◆ Data section

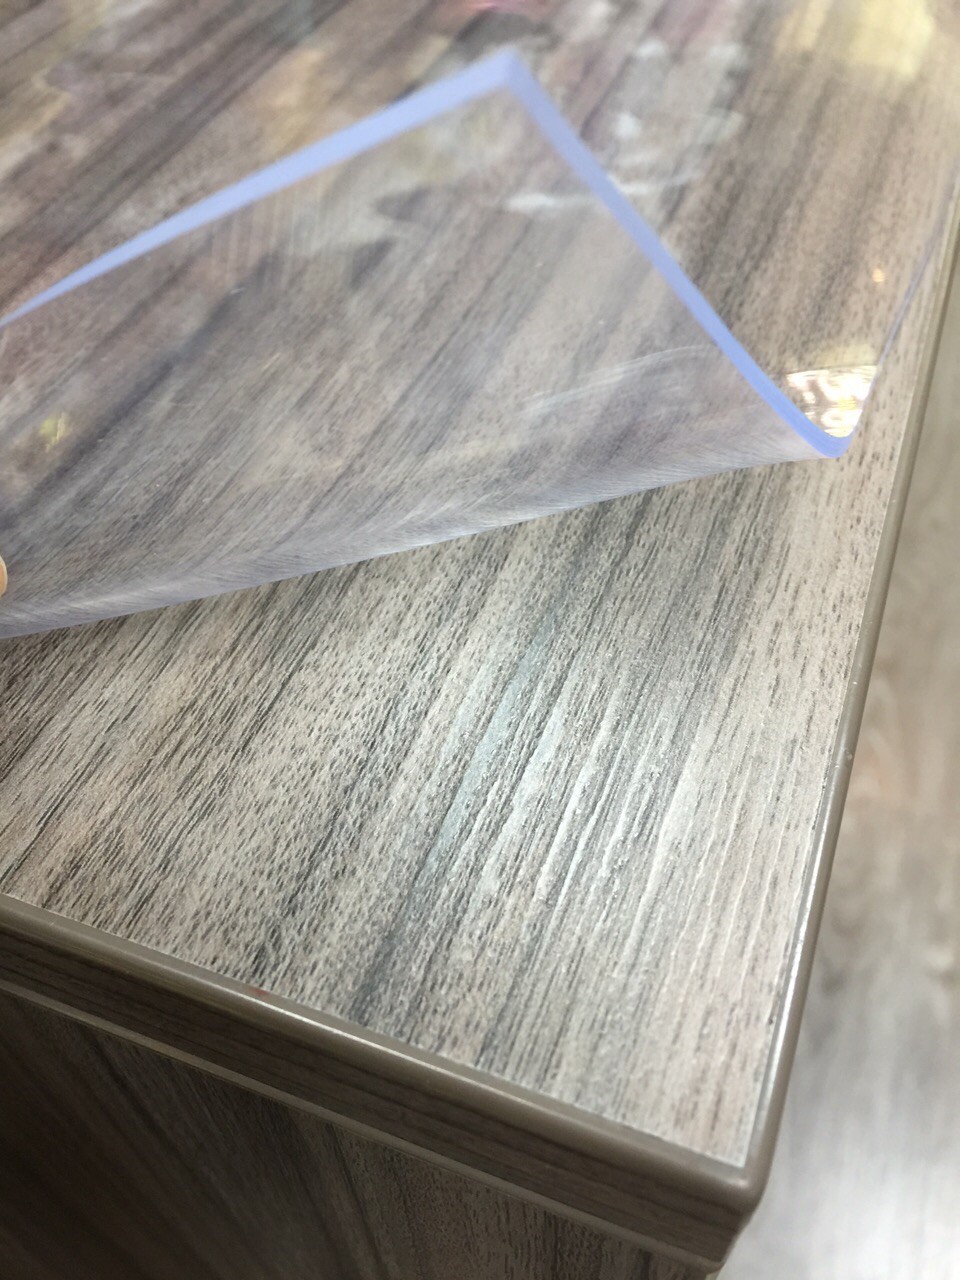 Выбираем защитное стекло на стол, которое предупредит порчу мебели
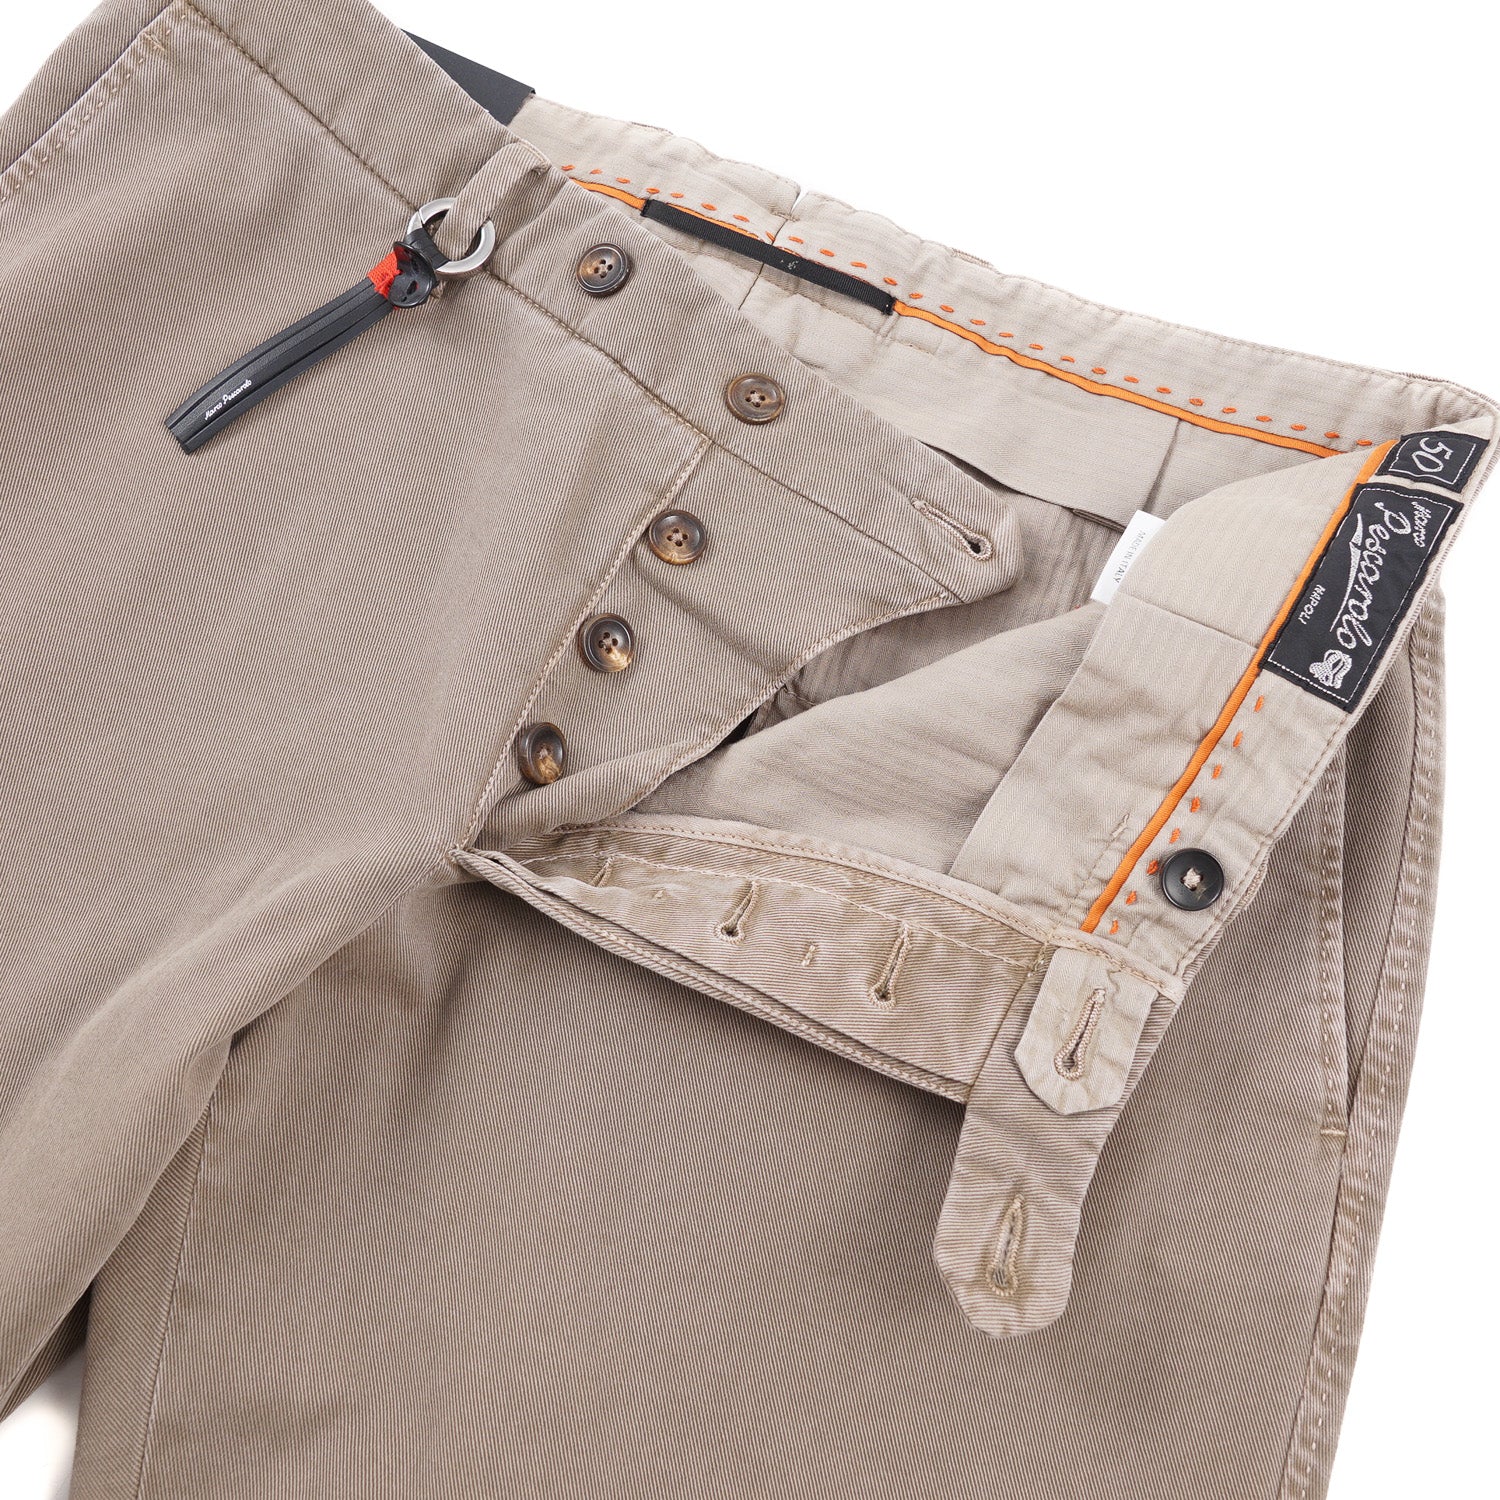 Marco Pescarolo Cotton-Cashmere Pants - Top Shelf Apparel
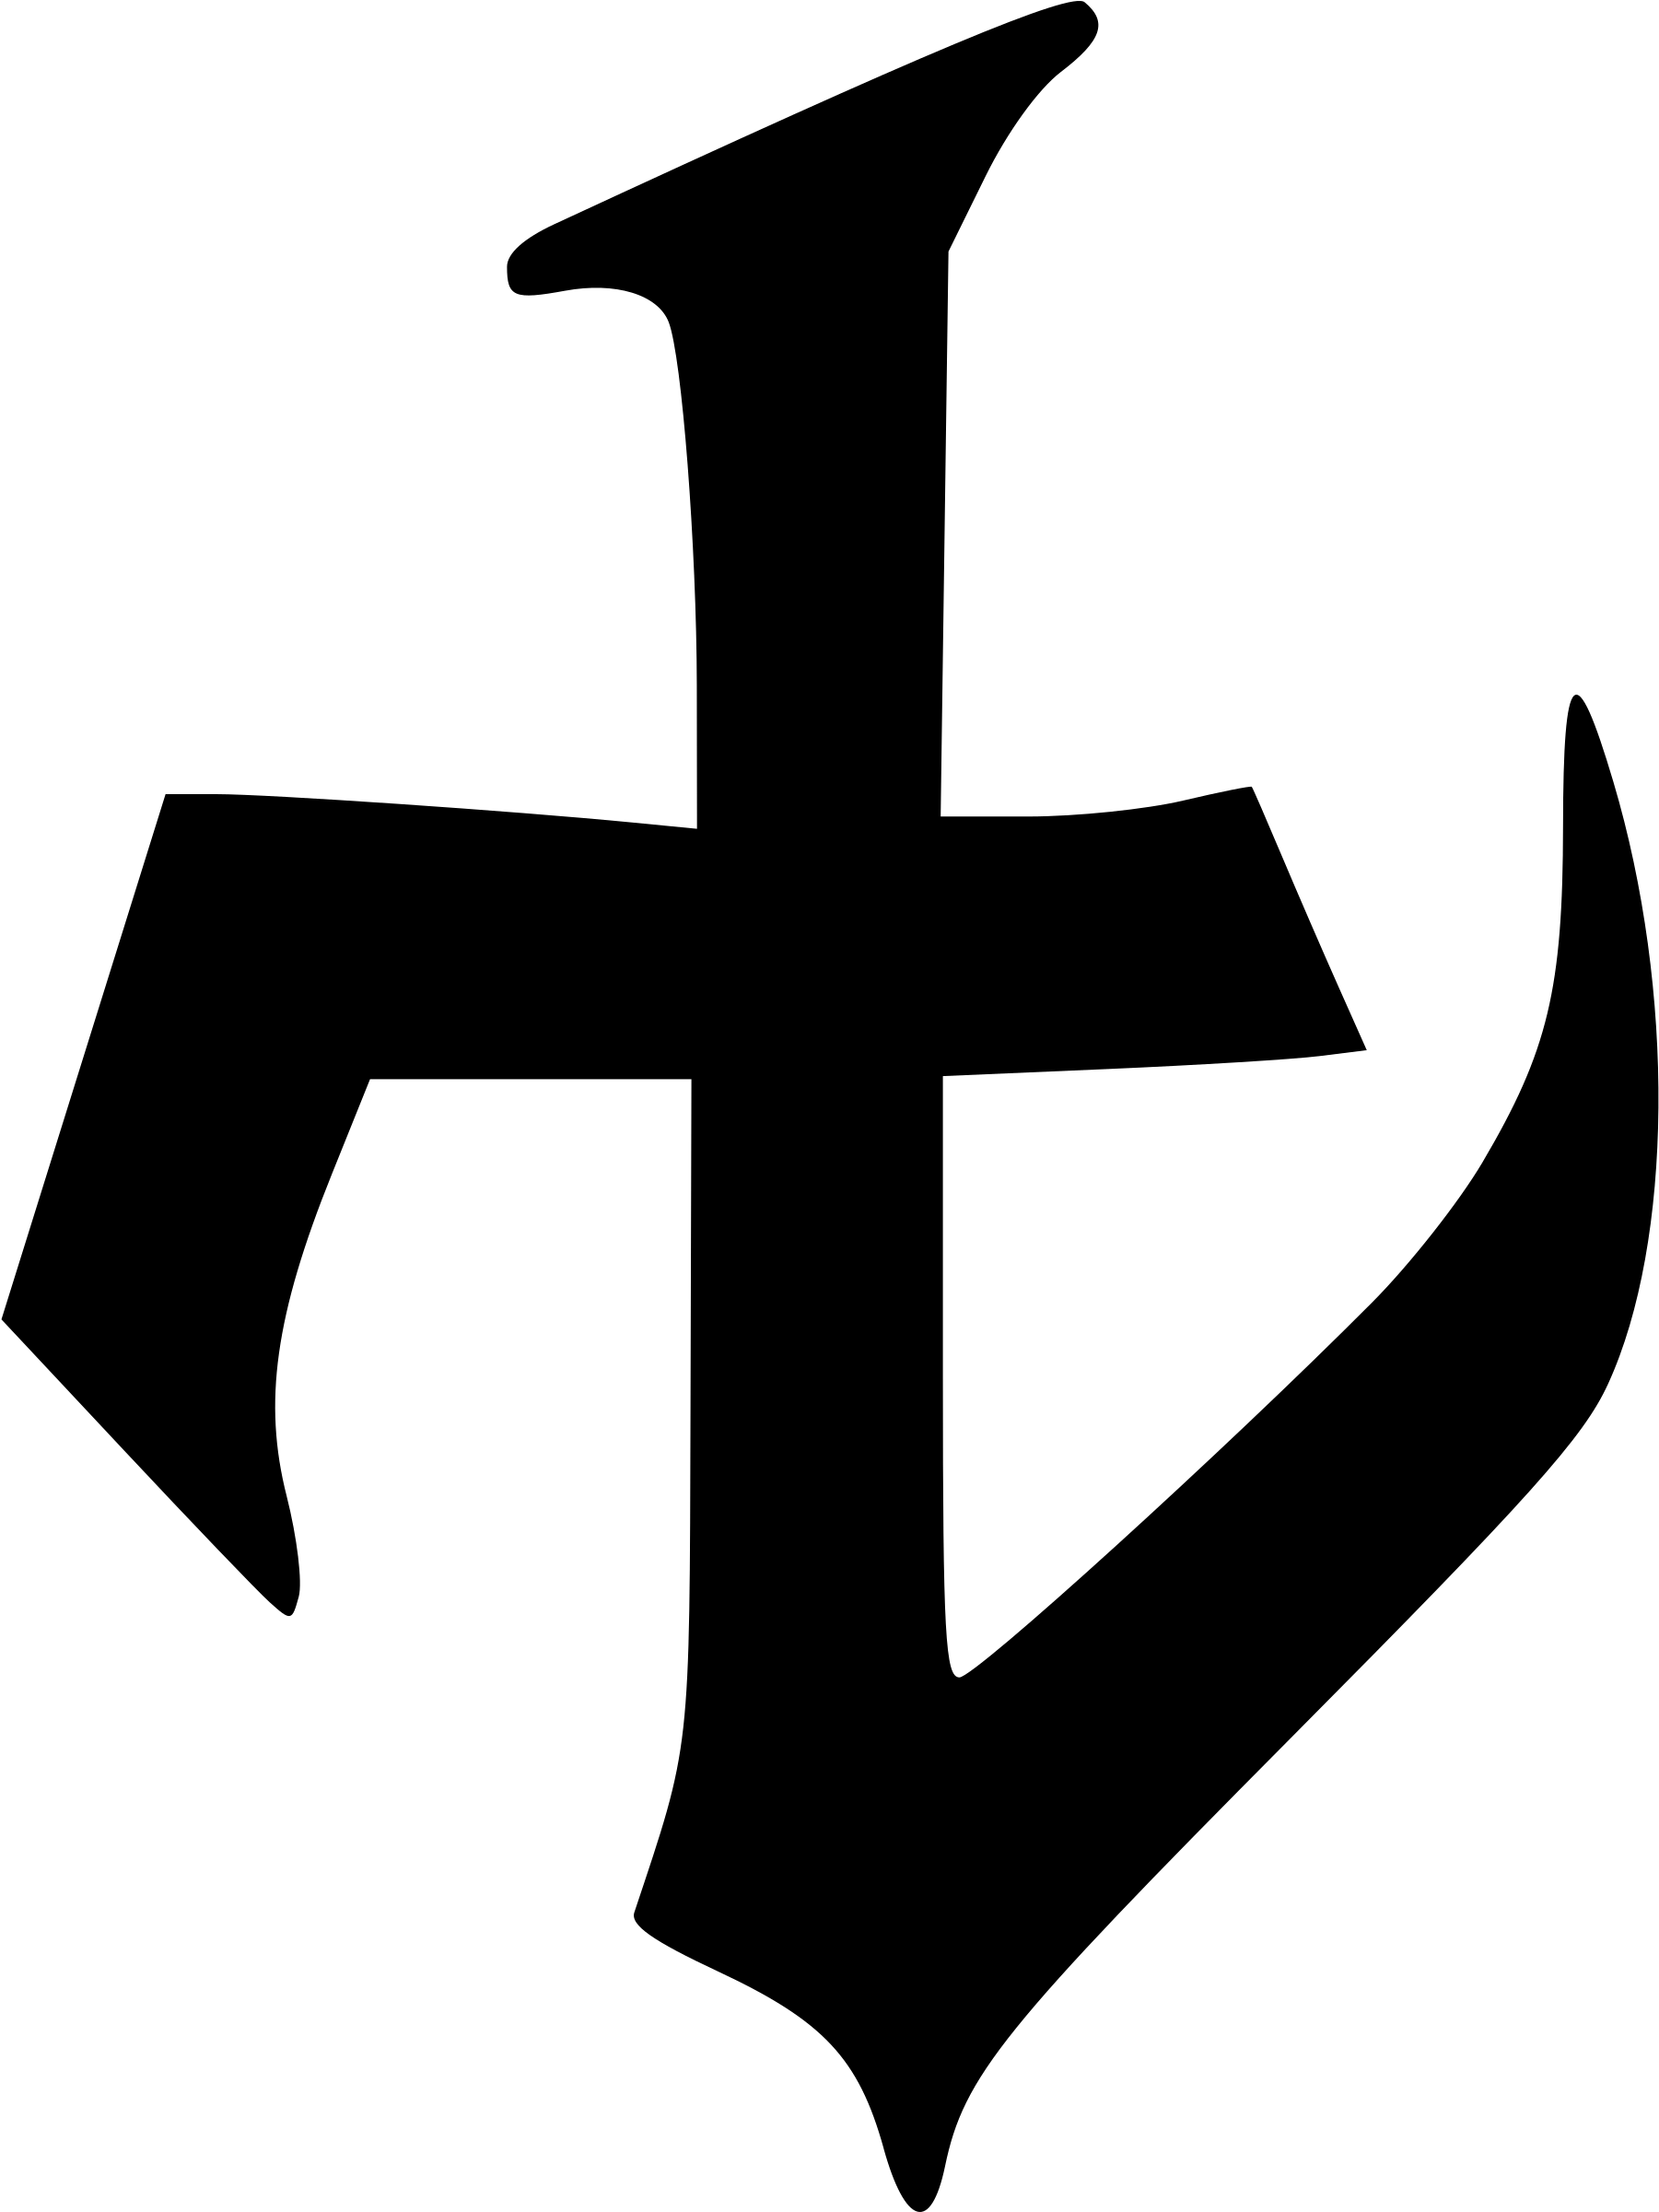 Gothic Glyph 5 - Gothic Glyph (2400x2400)
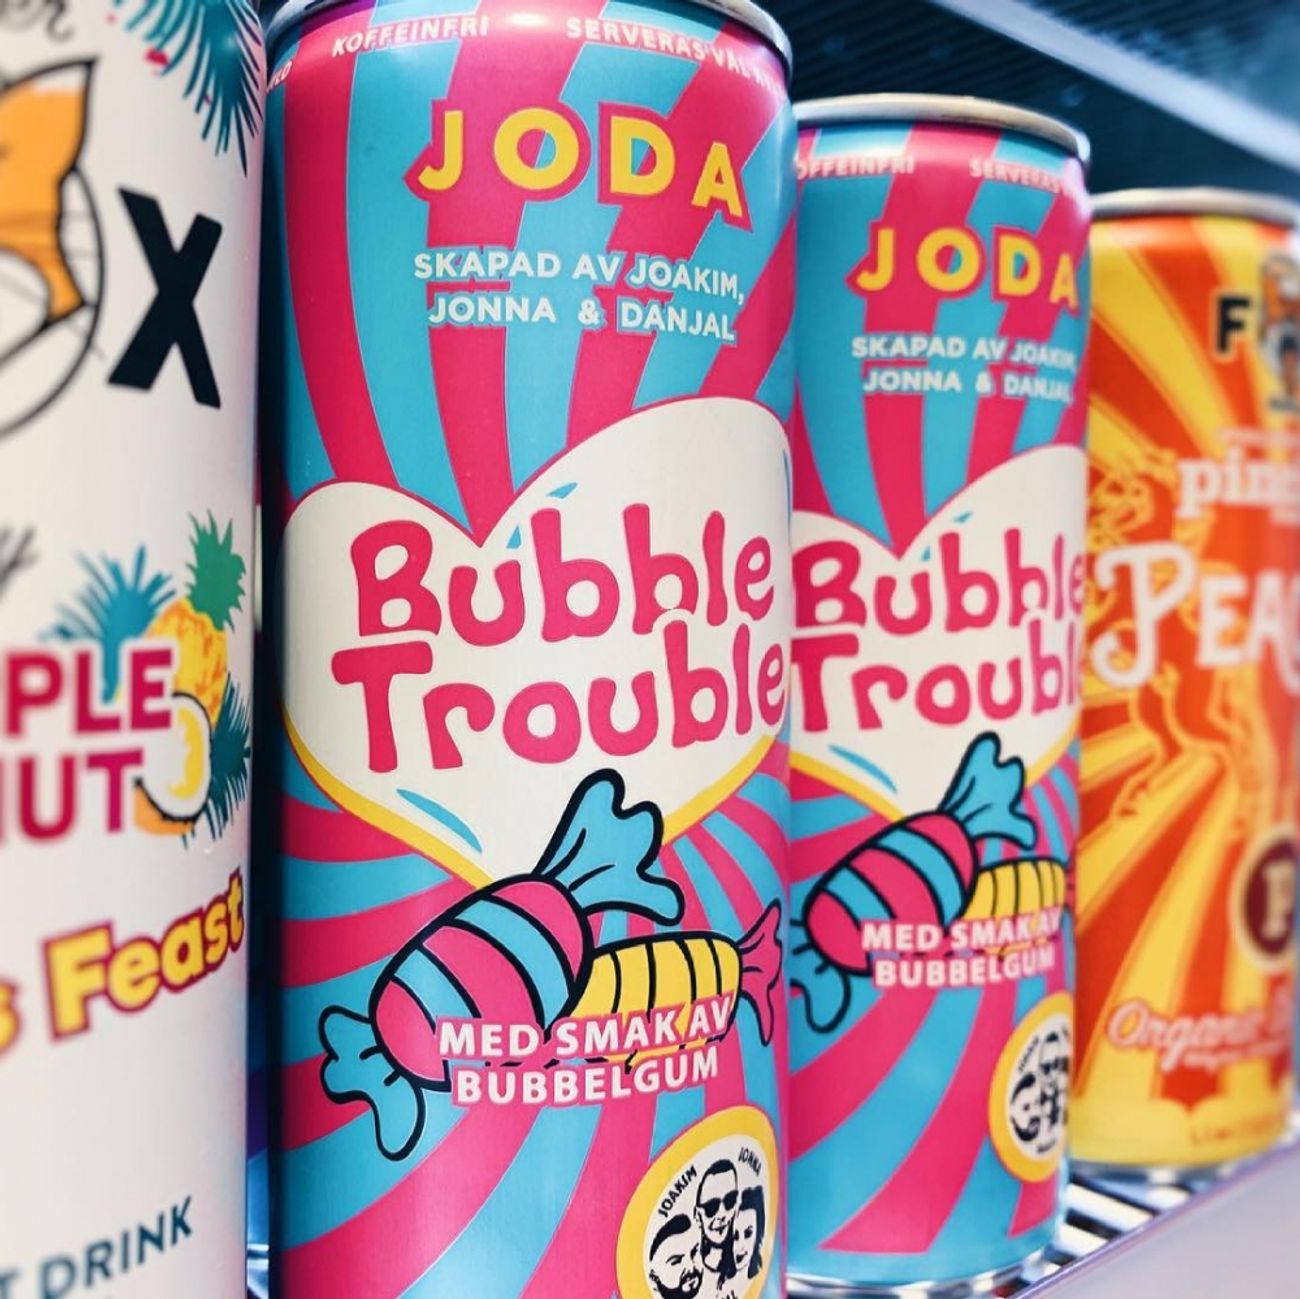 joda-bubble-trouble-energidryck-73224-4

◆ Work to complete
Beginning with the line where "Marco Pescarolo Cotton-Cashmere" appears, restate word for word every line down to the last one in the data, but keep the pictures out.

◆ Task output
 Marco Pescarolo Cotton-Cashmere Pants - Top Shelf Apparel
 Gothic Glyph 5 - Gothic Glyph (2400x2400)
 joda-bubble-trouble-energidryck-73224-4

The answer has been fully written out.